Treatment with lenvatinib plus pembrolizumab resulted in antitumor efficacy among patients with metastatic renal cell carcinoma (RCC) that had progressed with previous immune checkpoint inhibitor (ICI) therapy, according to results from the phase 2 Study 111/KEYNOTE-146 trial presented at the ASCO20 Virtual Scientific Program.

“The combination of TKIs [tyrosine kinase inhibitors] and ICIs has become a new standard of care in the first-line treatment of RCC,” said Chung-Han Lee, MD, PhD, of Memorial Sloan Kettering Cancer Center in New York, New York, and lead author and presenter of the study.

Data from the phase 1b portion of the Study 111/KEYNOTE-146 trial was previously reported, and showed initial efficacy. Dr Lee presented data from the phase 2 cohort.  

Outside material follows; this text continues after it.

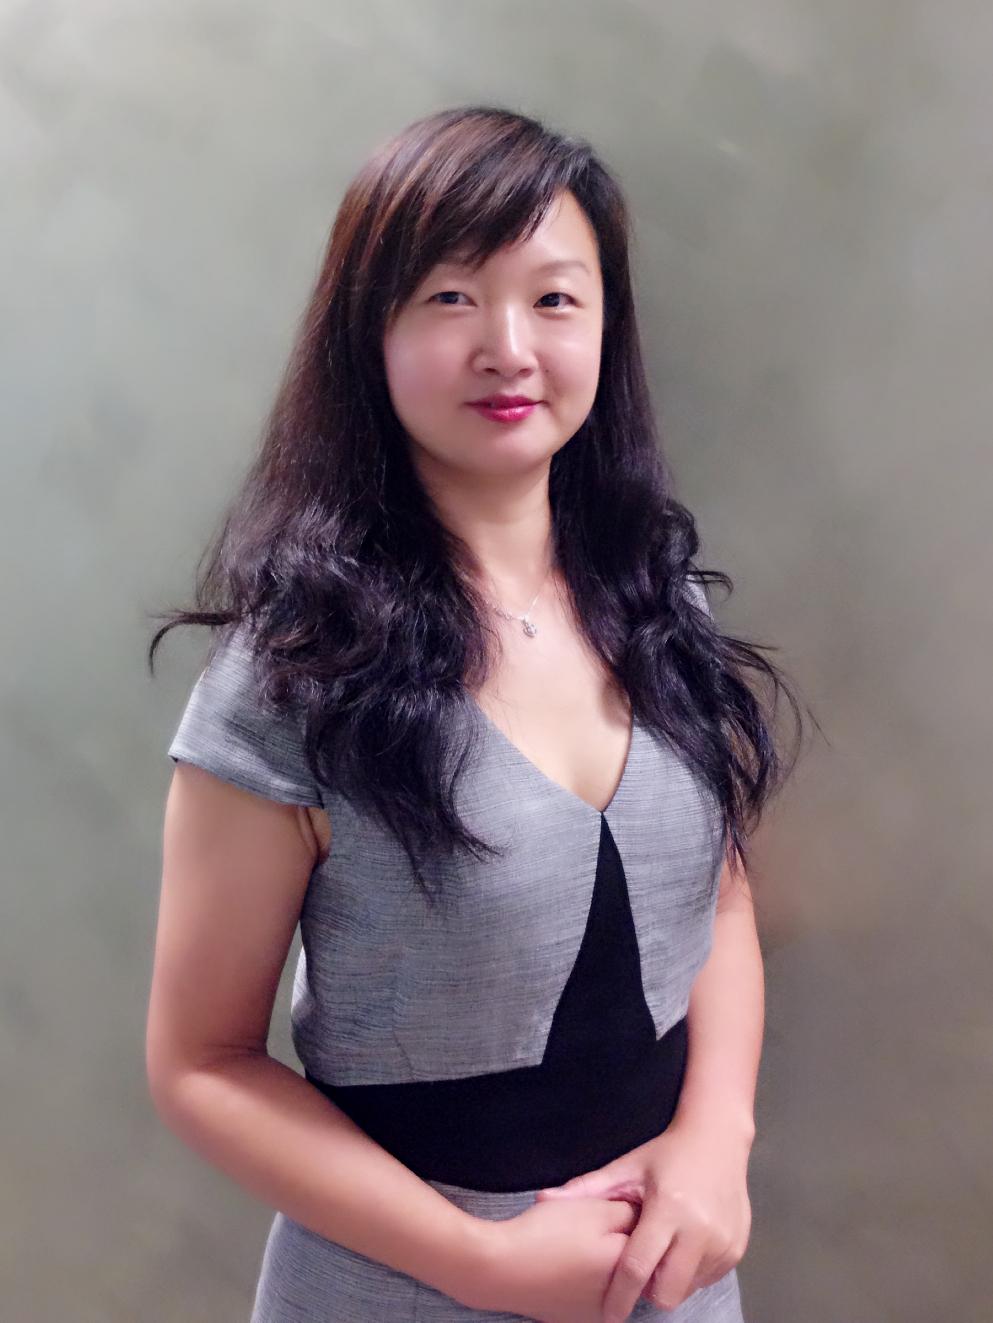 Helen Cheng

The open-label phase 2 cohort of Study 111/KEYNOTE-146 trial treated 104 patients with metastatic clear cell RCC that had progressed during or after ICI treatment with lenvatinib plus pembrolizumab. The primary endpoint was objective response rate (ORR) at 24 weeks as measured by irRESIST criteria. Secondary endpoints included ORR, progression-free survival (PFS), overall survival (OS), and safety.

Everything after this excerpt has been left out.